Nothing but the text belongs in the answer: the listing below, copied exactly, without pictures.

#### [AVAILABLE DATA]

■ ■ ■ ■

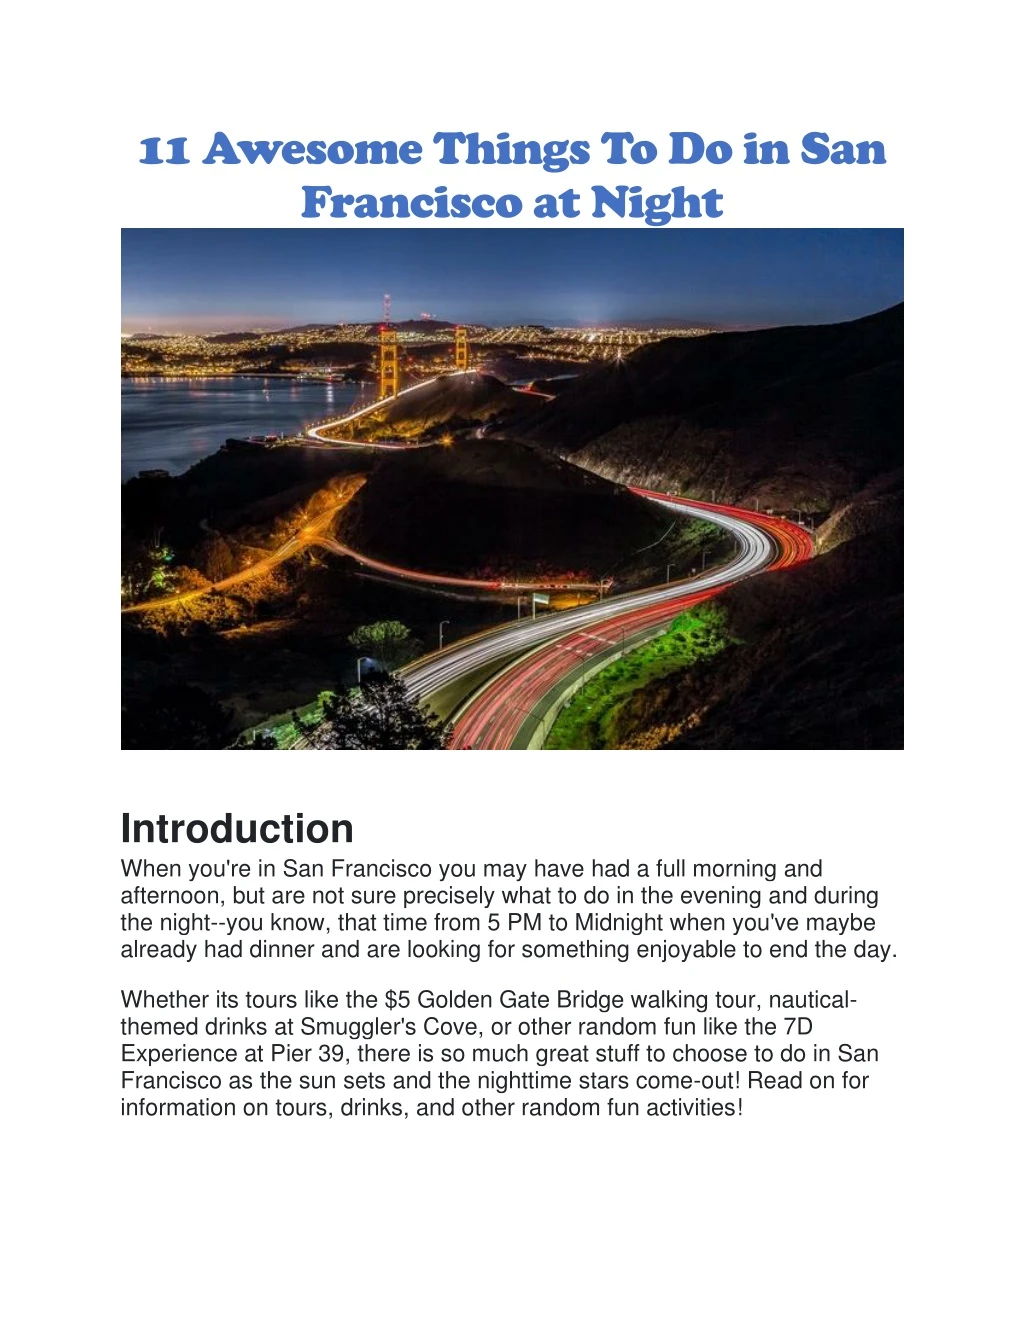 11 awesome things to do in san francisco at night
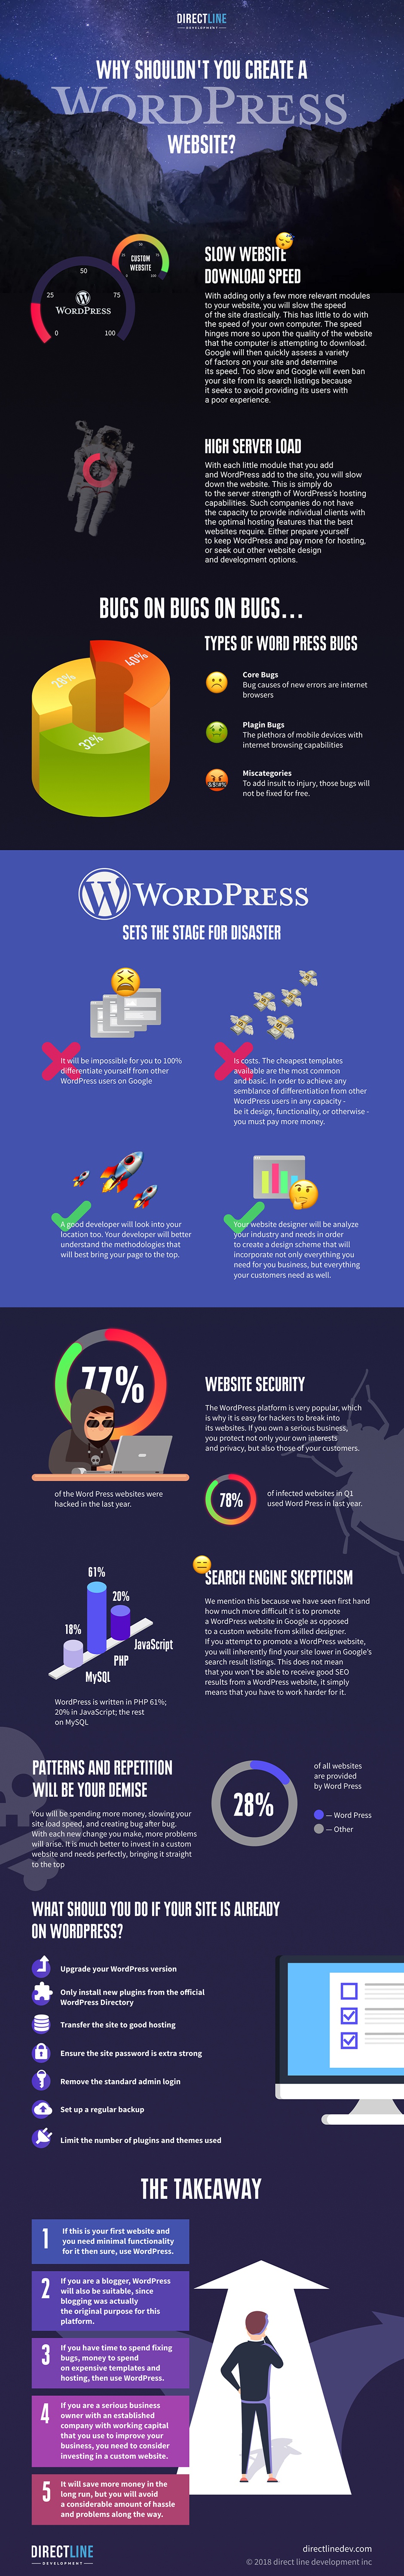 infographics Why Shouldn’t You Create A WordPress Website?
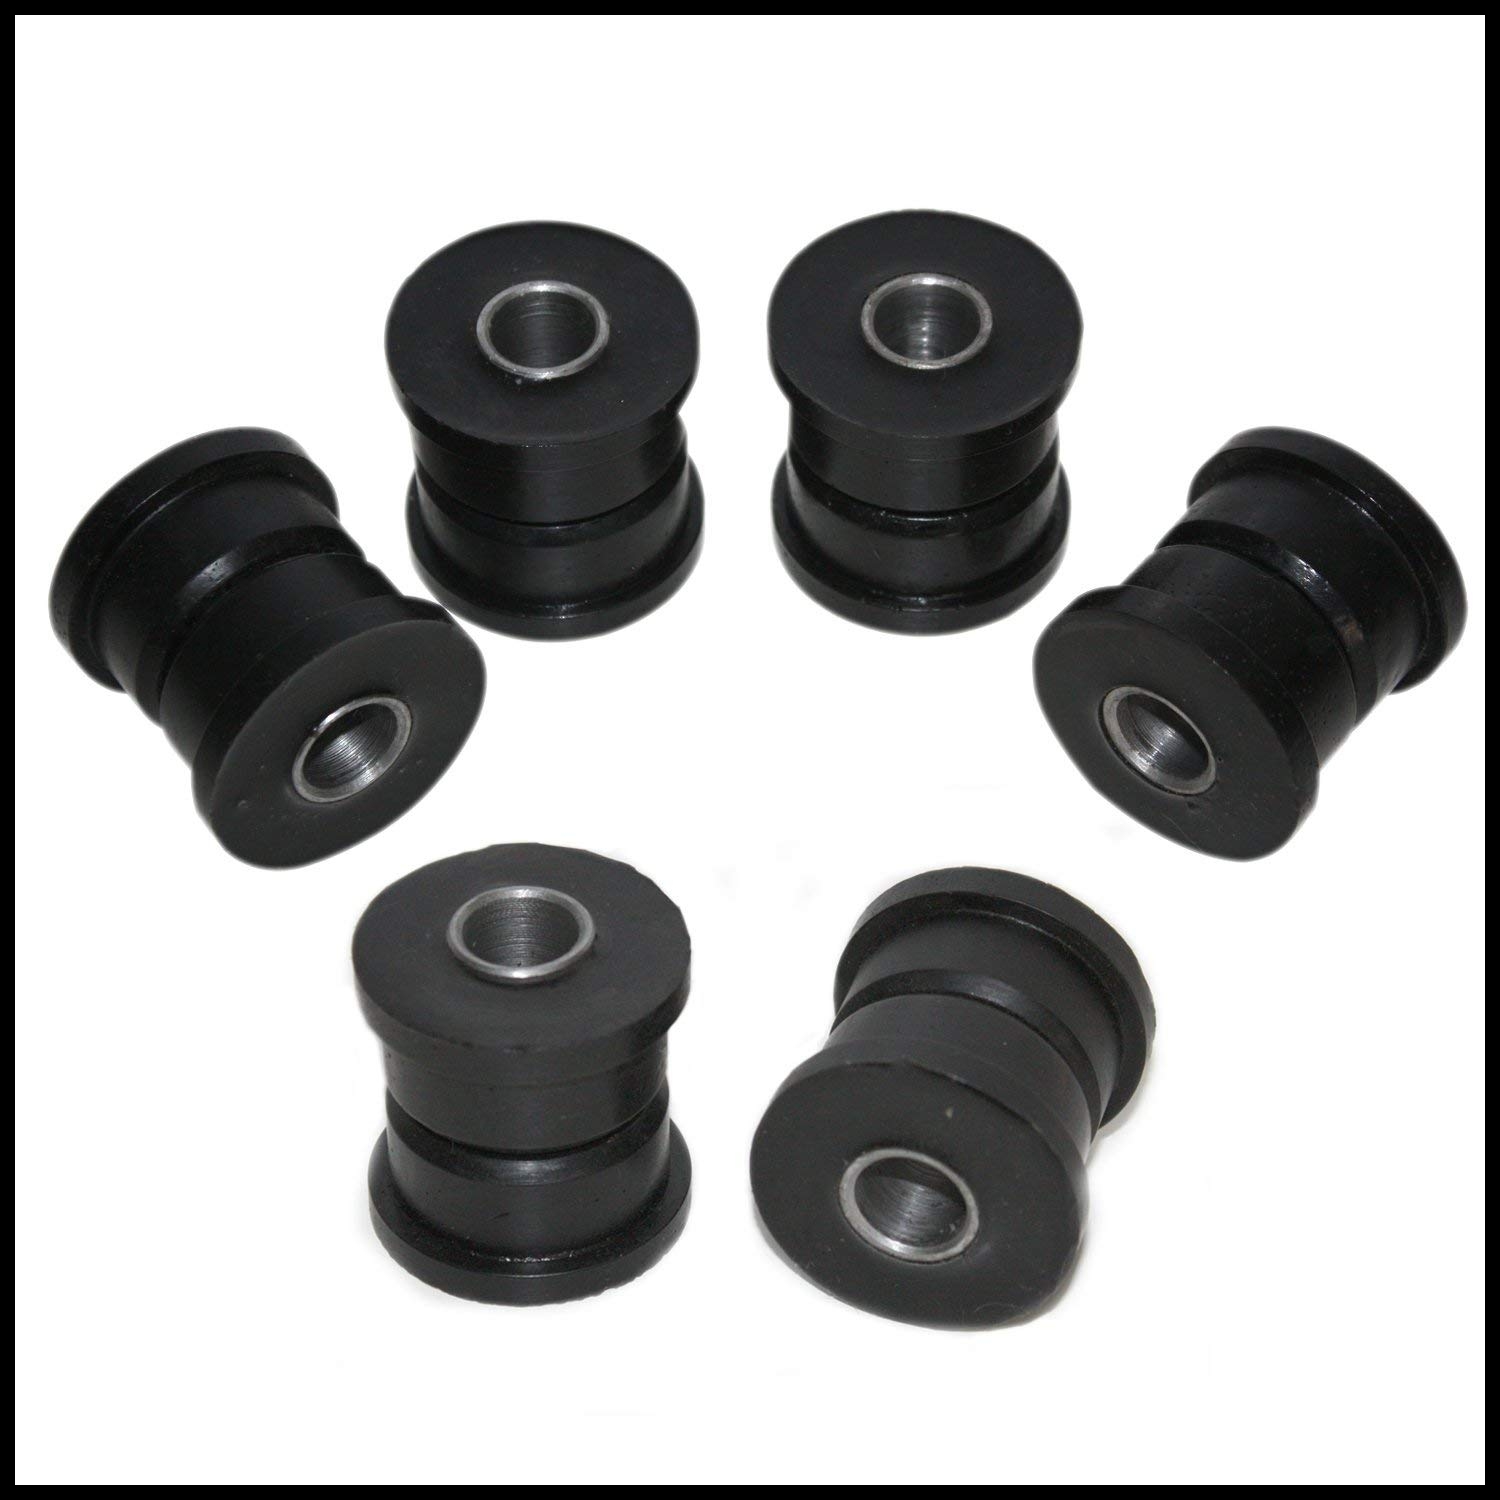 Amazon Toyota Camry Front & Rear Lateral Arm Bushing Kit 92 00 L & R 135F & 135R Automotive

■ ■ ■ ■

#### [RESULT OF THIS EXERCISE]
 11 awesome things to do in san francisco at night
 infographics Why Shouldn’t You Create A WordPress Website?
 Amazon Toyota Camry Front & Rear Lateral Arm Bushing Kit 92 00 L & R 135F & 135R Automotive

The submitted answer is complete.